Bisnis.com, JAKARTA - Pemerintah dan DPR tetap sepakat melaksanakan Pilkada 2020. Namun, masih ada kekhawatiran lantaran kurva kasus Covid-19 belum menunjukkan perlambatan yang signifikan.
Koalisi Masyarakat Sipil untuk Pilkada Sehat yang terdiri dari berbagai organisasi dan tokoh publik seperti Netgrit, Netfid, Perludem, PUSaKO FH Unand, Puskapol UI, Rumah Kebangsaan, Kopel, JPPR, KIPP Indonesia, dan PPUA Disabilitas memulai petisi daring di laman change.org agar penyelenggaraan pilkada, yang semestinya digelar pada Desember 2020 ditunda ke 2021.
Anggota Koalisi Masyarakat Sipil untuk Pilkada Sehat Hadar Nafis Gumay mengingatkan jika Pilkada tetap dilaksanakan pada Desember 2020, KPU memiliki dua opsi jadwal untuk memulai kerja tahapan pemilihan lanjutan, yakni 6 Juni atau 15 Juni 2020.
"Sementara sampai saat ini kurva kasus positif covid-19 masih terus meningkat. Juga, belum ada satupun peraturan KPU dapat digunakan sesuai dengan konteks pandemi," katanya Rabu (27/5/2020).
Hadar menegaskan sebelum membuat petisi mereka sudah berusaha menyalurkan pemikiran soal penundaan pilkada lewat diskusi ke Pemerintah, KPU, maupun Anggota Komisi II DPR RI, tapi mereka tetap pada pendirian untuk melaksanakan pilkada 2020.
“Pemikiran sudah kami salurkan lewat diskusi tapi pemerintah tetap pada pendirian untuk melaksanakan Pilkada Desember 2020. Karena itu kami memikirkan cara lain yaitu mengumpulkan aspirasi bahwa pilkada tidak seharusnya tetap dilakukan dengan kualitas yang menurun,” jelas Hadar.
Baca Juga
Dalam petisi di laman Change.org, Koalisi menjelaskan kalau dalam Perppu No.2/2020 yang dikeluarkan 4 Mei lalu tidak ada pasal-pasal mengenai teknis kepemiluan sesuai protokol kesehatan Covid-19 dan penyesuaian anggaran selama penyelenggaraan Pilkada. Dengan kata lain, tahapan Pilkada masih dijalankan dengan ketentuan di UU Pilkada yang ada.
Penyelenggaraan pilkada di masa pandemi juga dikhawatirkan akan memunculkan politisasi bantuan sosial sebagai media kampanye petahana-petahana kepala daerah.
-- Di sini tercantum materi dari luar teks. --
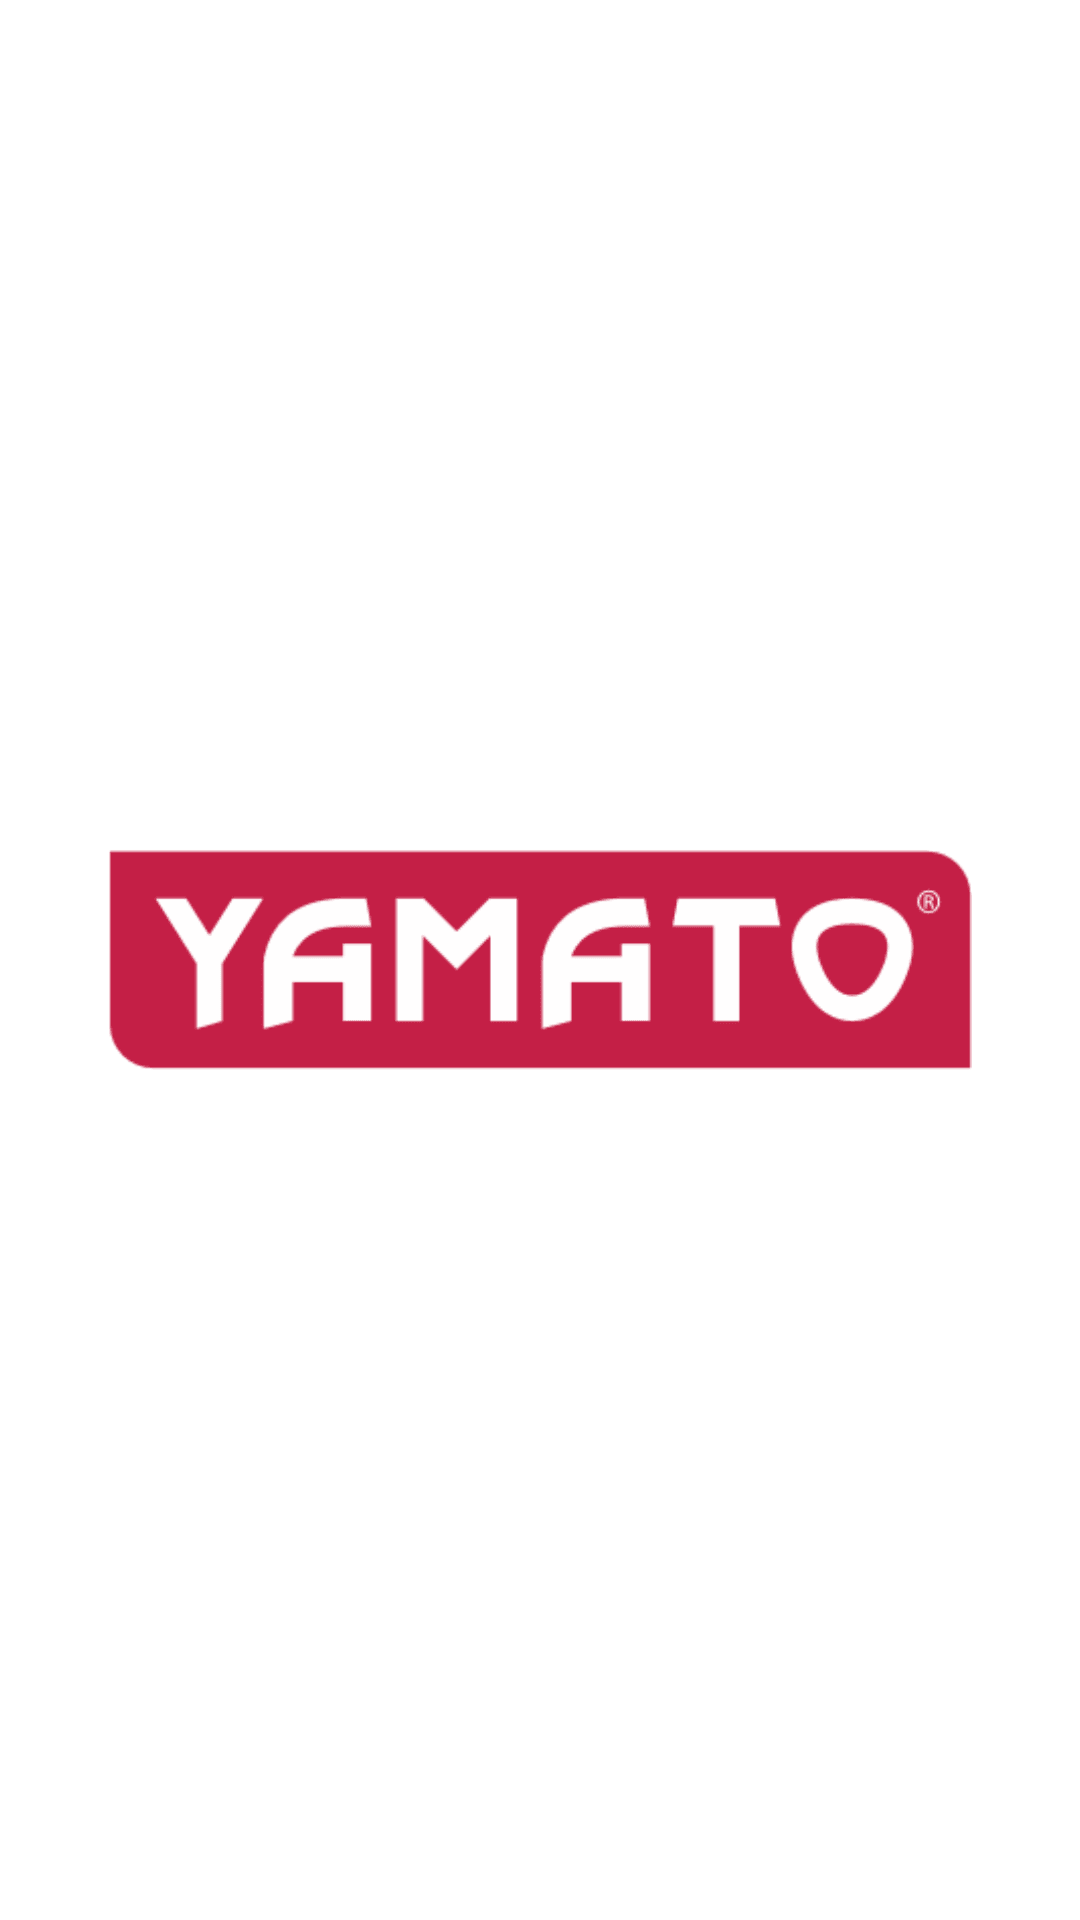 Yamato - Trapano a percussione elettrico 1050Watt mandrino ø mm.13 Yamato

Direktur Eksekutif Perkumpulan untuk Pemilu dan Demokrasi (Perludem) Titi Anggraini merangkum setidaknya ada tiga motif pemerintah menyelenggarakan pilkada 2020. Diantaranya adalah motif ekonomi. Pilkada 2020 akan seolah-olah memberi impresi kepada masyarakat kalau ekonomi baik-baik saja.
Kedua adalah motif politik, yakni petahana dan non-petahana yang tidak percaya diri jika pilkada dilaksanakan tahun 2021.
Ketiga adalah kurang serius dengan kondisi Covid-19 di Indonesia. Dampak Covid-19 dianggap tidak separah yang dibayangkan, karena jumlah kasus positifnya tidak sebanding dengan negara lain.
Titi menegaskan penting untuk menunda pilkada ke 2021 agar waktu, kesiapan, adaptasi dan kualitas pilkada tetap terjaga.
“Memaksakan penyelenggaraan Pilkada di masa pandemi berpotensi menimbulkan lebih banyak mudarat daripada manfaat. Diantaranya, terpaparnya banyak orang yang terlibat dalam penyelenggaraan Pilkada, politisasi bantuan sosial, kontestasi yang tak setara bagi peserta pemilu petahana dan non-petahana, dan turunnya partisipasi pemilih," ungkapnya.